As the founding designer at an AI B2B SaaS startup that predicted location-based insights, I improved 30-day active user retention from 43% to 75% by redesigning workflows to make the insights actionable rather than exploratory.
The context
Datasutram is a B2B AI-driven platform helping mid-sized businesses make strategic decisions like where to open new stores, who to target, how to expand. These companies didn’t have data science teams. So decisions were often made based on legacy knowledge and intuition, which made the process fragmented, slow, and error-prone.
Fig. Process typically followed for shortlisting sites for retail store opening at mid-sized companies
The product promised to bring structure to this using GIS, internal CRM data, and ML models to identify high-potential locations.
Fig. Datasutram used proprietary datasets and ML models to predict successful locations for store-opening
But adoption wasn’t happening.
What wasn’t working

The CXOs loved the product during demos and approved the product for internal deployment.

The intended users, the sales managers, weren’t using it after onboarding and user retention was very low.
Overview
Role
Founding Product Designer
Impact
Improved 30-day active user retention from 43% to 75%
Reduced support tickets by 40%
Duration
6 months
Team
Product, Engineering, Data Science, Sales
Scope
0 → 1
UX research
End-to-end design
Usability testing
Working with me
Rajit Bhattacharya, CEO, Datasutram
“Debeshi played a key role in shaping our B2B product’s UX, bridging user needs and technical feasibility through self-driven collaboration and rapid iteration. Her contributions directly supported onboarding 50+ enterprise clients and gaining Forbes 30 Under 30 recognition.”
The previous platform
To understand customer pain points with the product, I attended customer and sales calls, and identified usability issues which prevented the users form effectively synthesizing information to identify locations that would be ideal for opening new stores.
Fig. Summary of feedback given to the customer teams by the clients
Brainstorming the screen and filter
I streamlined the interface into a single-screen flow, fixed the filters to reflect the number of results in real time to prevent user frustrations.
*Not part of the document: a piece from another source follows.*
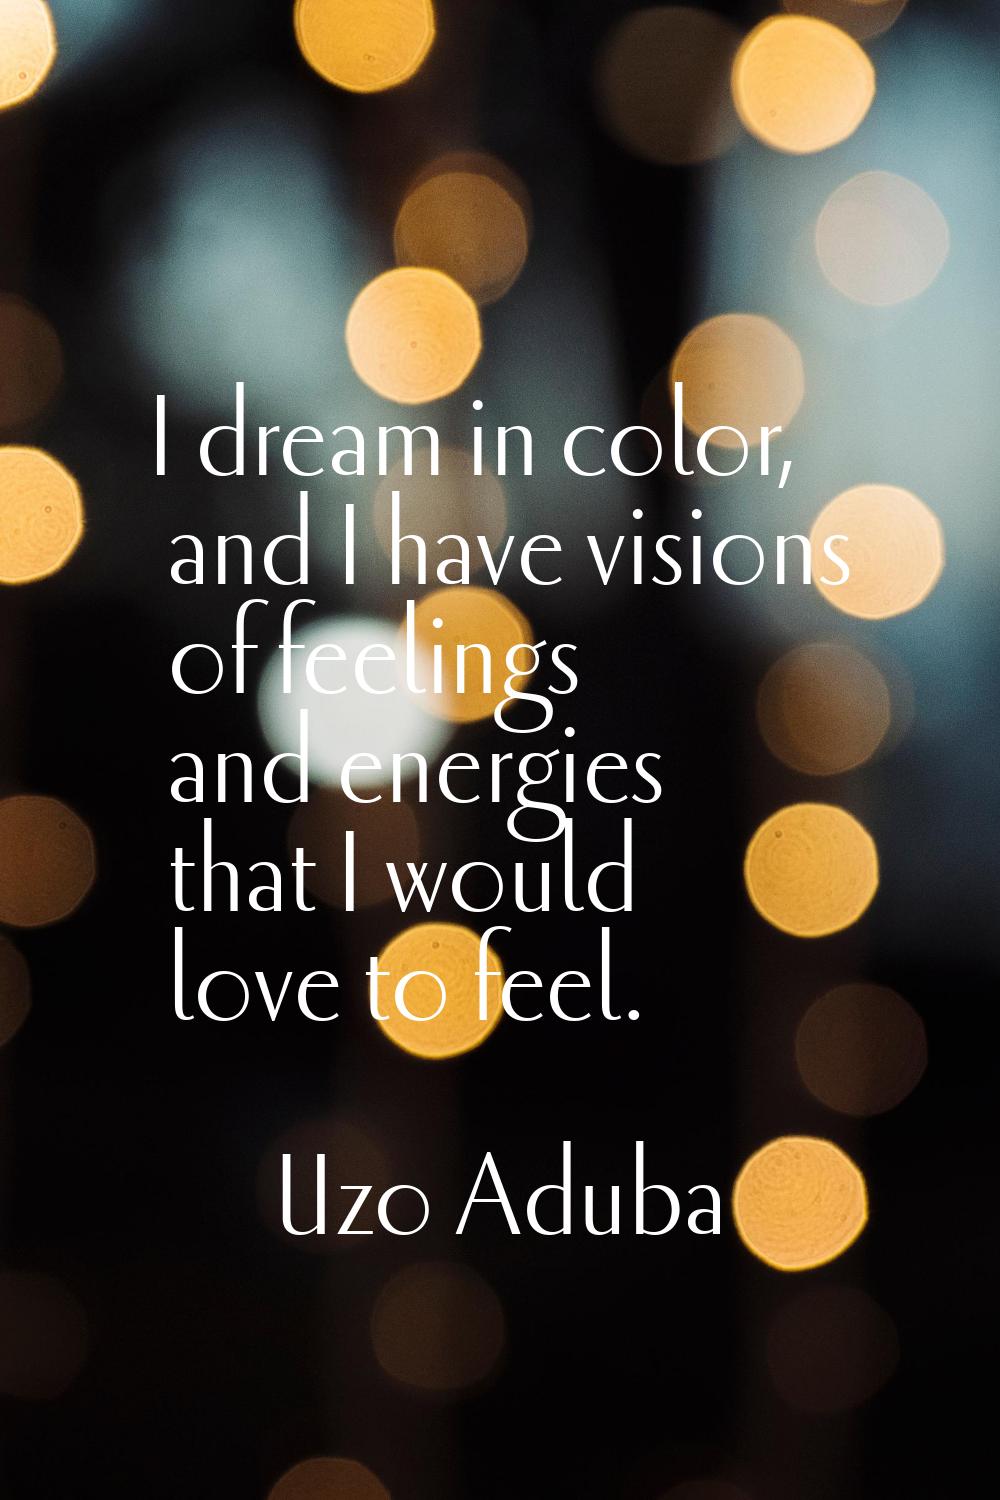 I dream in color, and I have visions of feelings and energies that I would love to feel.

Fig. Low fidelity prototypes integrating the screen components
Initially shipped design
I streamlined the interface into a single-screen flow, fixed the filters to reflect the number of results in real time to prevent user frustrations.
Fig. The initial improvised design showing areas with high business potential where business can search for properties to open stores in

But adoption didn’t move.
Talking to stakeholders to dive deeper
Customer calls and stakeholder interviews
6 customer feedback calls (client)
4 sales manager interviews (client)
4 customer & sales rep interviews (team)
Insight
The sales managers weren’t trying to explore locations. They were trying to find properties.
The recommended locations didn’t always have available properties.
That gap made the product feel useless.
Pivot from recommending locations to properties
We shifted the product from showing zones to showing available properties.
Score calibration
Adjusting location scores to match availability of properties
Actionable next steps
Pulling in real estate listings and their contacts to suit existing workflow.
Instead of just seeing “Area X can earn $100,000 annual revenue”, users could now click on a property in a high revenue potential area, and contact them for more details.
Iterating through stakeholder feedback
The redesign happened in 3 major cycles:
1. Rapid prototyping to test layout and workflow changes
2. User testing across 3 rounds — evaluating time to task, confidence, and perceived value
3. Final implementation in collaboration with engineering and data teams
“...but there are too many steps”
The first level of validation from the sales and customer teams revealed that there were too many steps involved in obtaining the list of properties, and the setting the filters was too overwhelming.
Solution
Separating the flow into:
1. An onboarding flow where the customer teams would help the clients set up the filters for stores meeting required parameters
2. A regular flow where the team can log into the portal and directly view the list of properties, reducing it to 2 steps only.
Fig. Reduced the regular flow to 2 steps from 7 steps
“...but how do we circulate the options within the team?”
The next level if iterations followed from customer validation calls, where, while context and images served well for shortlisting, exporting the property details to CSV allowed teams to circulate the data internally, so that each sales representative could make calls and speed up the shortlisting process.
Solution
I introduced:
A card view to quickly compare locations in context
A table view with exportable CSV format, so teams could shortlist and circulate internally
This addition significantly sped up their decision cycles.
Fig. Added a card view with parameter details chosen by the client for download and internal circulation
“...we have to manually check that the property meets all parameters”
When using the product, the sales managers struggled to trust the recommendations, and cross validated it with data points like footfall, income levels, and more in areas where they have successfully operating flows.
Solution
I decided to keep the data points such as footfall, income, and other parameters that are important to the business as optional toggles that they can turn on to match against the property recommendations.
Fig. The datapoints support the property recommendations and build trust
Final Design
The Outcomes
Beyond metrics, sales teams reported feeling more confident demoing the platform, and clients found it easier to get buy-in from internal stakeholders.